When finally she reached the top of the waterfall, she let her voice explode into song from the joy she was feeling in her heart. It sounded angelic, maybe divine even. The lyrics were simple, too: "I am Lullaby." While she didn't want to stop singing, she had a job to do, and looking around, she found what she hoped had been what she'd been looking for - a lever, eerily similar to the one in the trap room that had changed Doan. She flipped it with a flick of her tail, and slabs of stone started pushing out of the wall, forming stairs from where her party members were all the way up to the little alcove at the top of the waterfall.

They joined her at the top, and thanked the pantheon there was a door to get them out of here.

"Uh..." Lullaby realised. "Can someone lift me up?"

Boy grabbed her by the waist and cradled her in her arms. "That's until we find a better system, I suppose."

Oh.

Um.

Maybe Lullaby was more bisexual than straight. Maybe the feelings she’d interpreted as “male urges” all these years ago was more a proof of desiring both teams.

"No fair, I wanna be carried too~" Anna jumped out of Doan to join Lullaby in Boy's arms.

Definitely bisexual.

 

The room in which they arrived instilled in them a strange calmness. Leolia recognized here the effects of an enchantment, but her attention was on the sigils on the ground written in chalk, which no mage would be caught dead unable to recognise. Those were a teleportation circle. She lowered herself to look at the circle from a closer point of view - the chalk was recent, perhaps even fresh.

And written next to it was "Yes, do go in".

"I swear, I will kill the Mad King myself one day," she growled.

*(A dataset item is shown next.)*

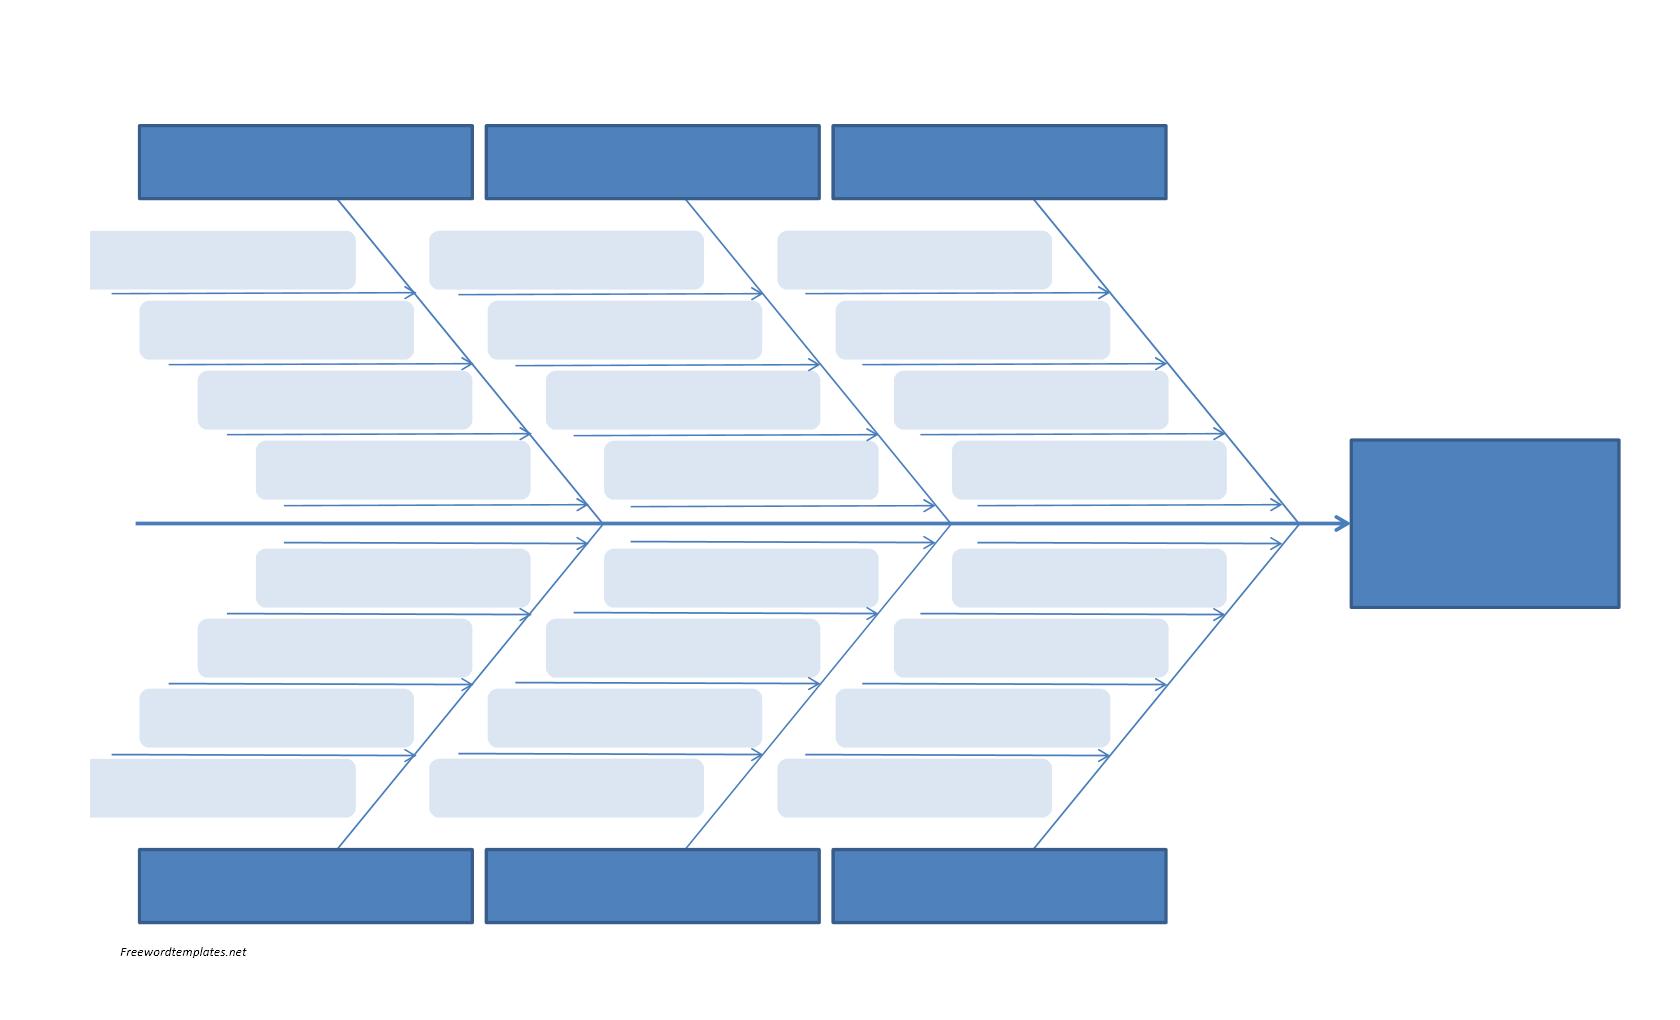 hight resolution of fishbone diagram freewordtemplates net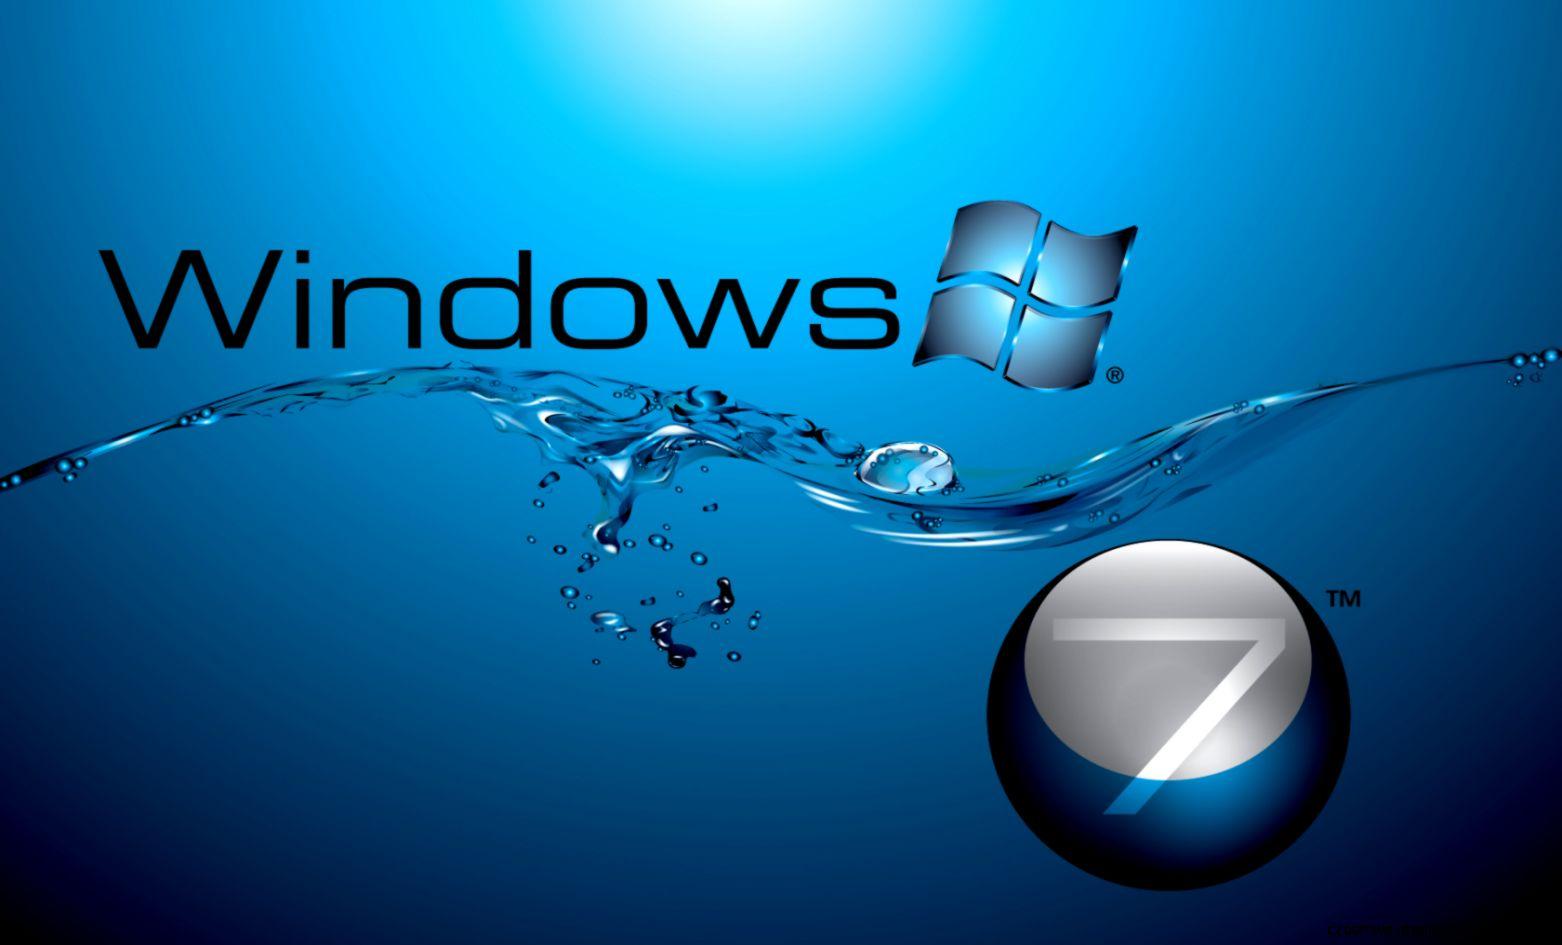 Windows 7 in Water Flow Wallpapers  HD Wallpapers

But, well, it was otherwise a dead end. So they hopped in.

 

It didn't take them long to understand they had arrived in a garden of some kind. A housekeeper somewhere in her fifties, who seemed strangely unaccustomed to her own work outfit, had been waiting for their arrival. "If you would please follow me to the baths...? My master desires to speak with you once you have cleaned yourselves up."

"MAAAAAD KIIIIING!" growled Leolia again.